Studies Confirm Benefits of
Blocking Inflammation in DMD

A research group headed by MDA grantee Denis Guttridge at Ohio State University Medical Center in Columbus has significantly added to knowledge of how inflammation and inhibition of muscle formation are involved in Duchenne muscular dystrophy (DMD). Their data support the validity of existing therapies, such as corticosteroids, and suggest additional pathways to pursue in new therapy development.

Swarnali Acharyya at Ohio State, with colleagues there and at several other institutions, published their findings online March 22 in the Journal of Clinical Investigation.

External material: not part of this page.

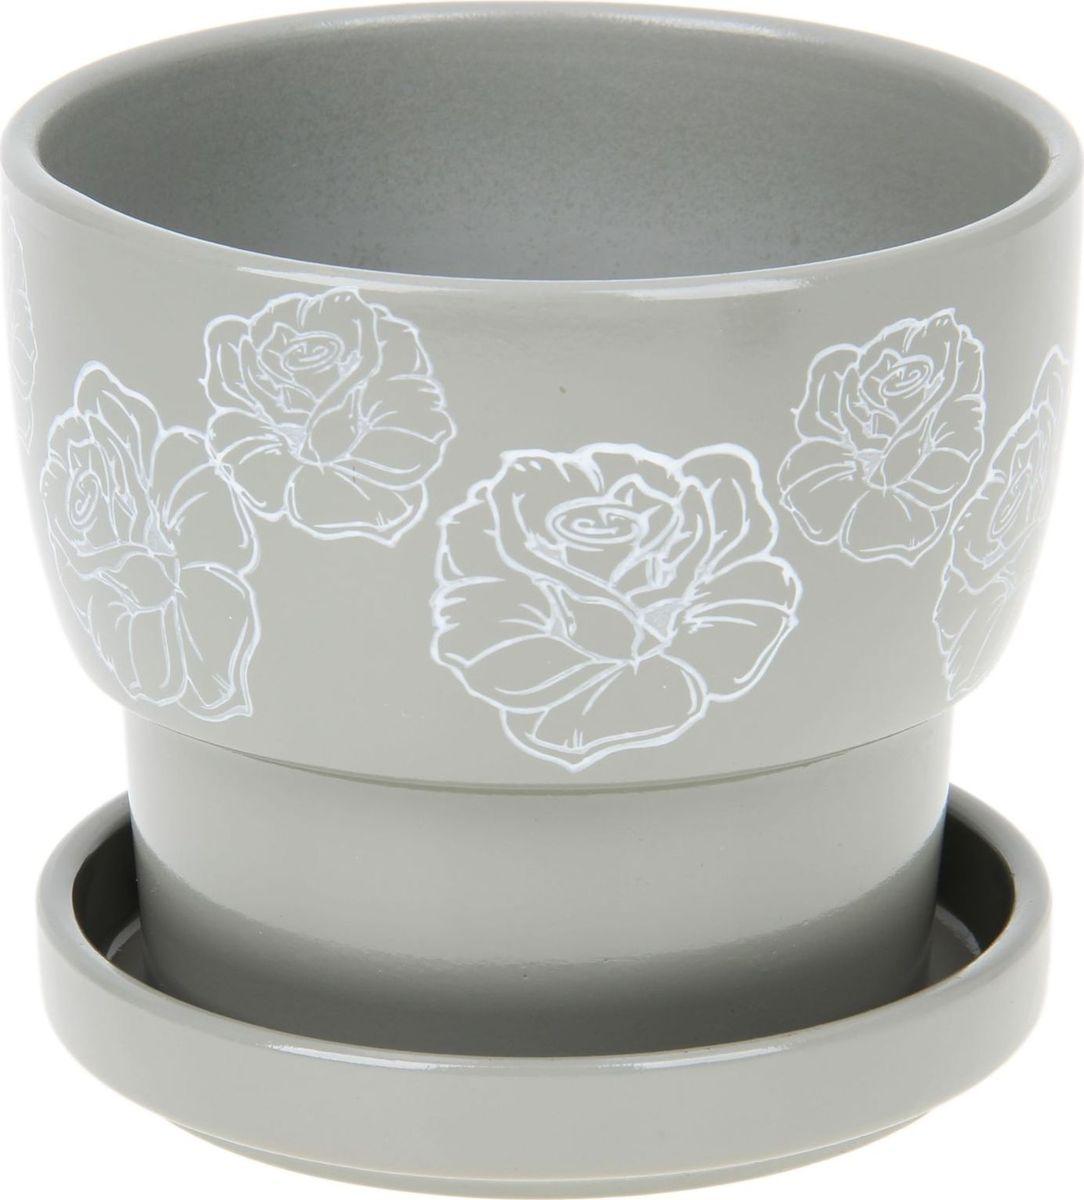 Кашпо Белые розы, цвет: серый, 0,72 л1056033Комнатные растения — всеобщие любимцы. Они радуют глаз, насыщают помещение кислородом и украшают пространство. Каждому из них необходим свой удобный и красивый дом. Кашпо из керамики прекрасно подходят для высадки растений: за счёт пластичности глины и разных способов обработки существует великое множество форм и дизайновпористый материал позволяет испаряться лишней влагевоздух, необходимый для дыхания корней, проникает сквозь керамические стенки! #name# позаботится о зелёном питомце, освежит интерьер и подчеркнёт его стиль.
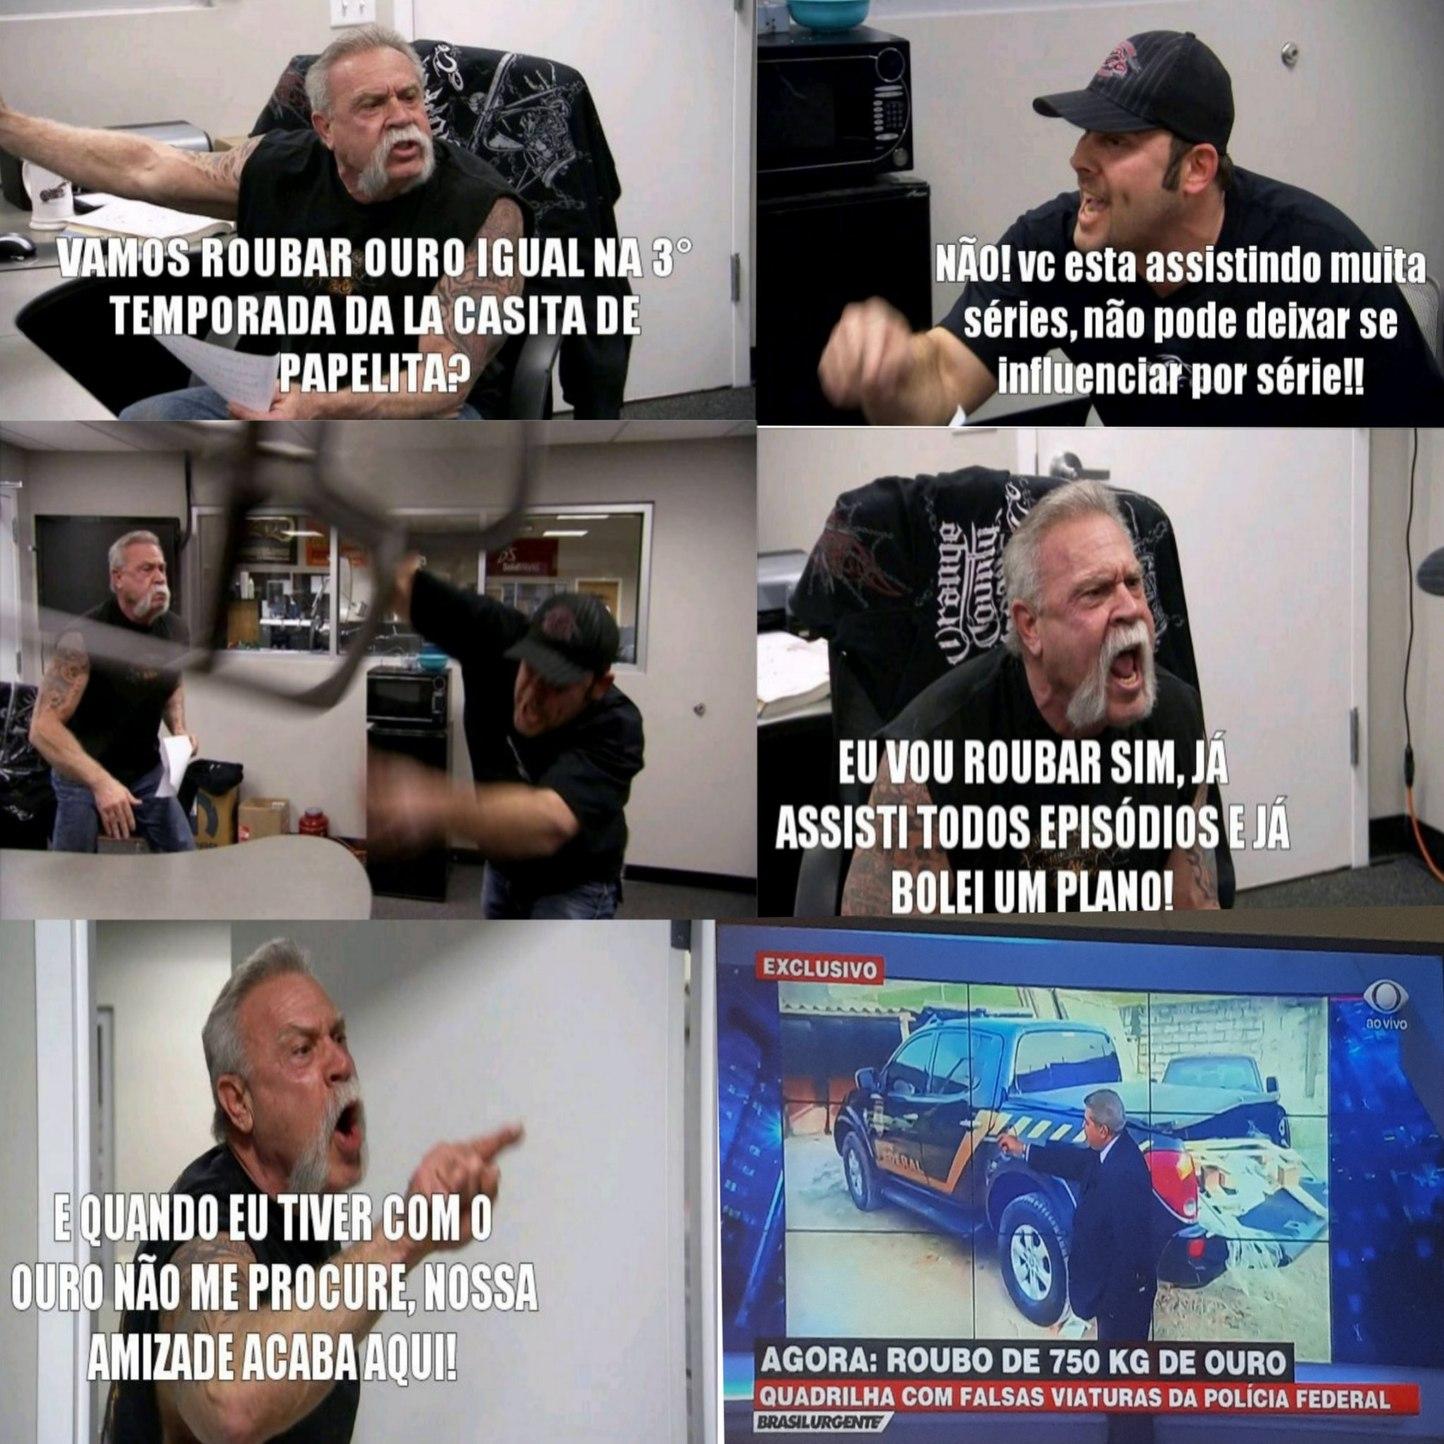 Lá Casa De Papel Higiênico - meme

They report that a signaling pathway called IKK/NF-kappa-B, which markedly increases the inflammatory response of the immune system and inhibits muscle regeneration, is abnormally active in mice lacking dystrophin. These mice have a muscle disease that resembles human DMD, in which the dystrophin protein is also missing.

When the investigators treated the mice with NBD, a compound that blocks the activation of the IKK/NF-kappa-B pathway, the animals showed significantly less inflammation and more regeneration of muscle tissue. Their diaphragm muscles showed better force development than those of mice treated with an inactive form of this compound.

Corticosteroid drugs, such as prednisone, also interfere with inflammation by blocking NF-kappa-B. These medications, which help maintain muscle function in patients with DMD, have been in use in this disease for several years, although neither their mechanism nor their proper dosage level has been clear. (A multinational clinical trial, slated to begin soon, will answer some of the questions surrounding their use.)

“We’re excited about these findings, because we believe they add to our understanding of how this signaling pathway functions in muscle disorders such as DMD,” Guttridge said. “Based on our genetic and pharmacological data, it suggests that NF-kappa-B acts in both immune cells and muscle cells to regulate the dystrophic process.

“We believe this would make NF-kappa-B an attractive therapeutic target. Presumably, if you can inhibit its activity in both cell types, you should be able to block inflammation and at the same time stimulate new muscle growth.”

Guttridge says evidence from their work and other published studies demonstrates that NBD isn’t toxic in mice but that follow-up studies will be needed to confirm this before human trials can be contemplated.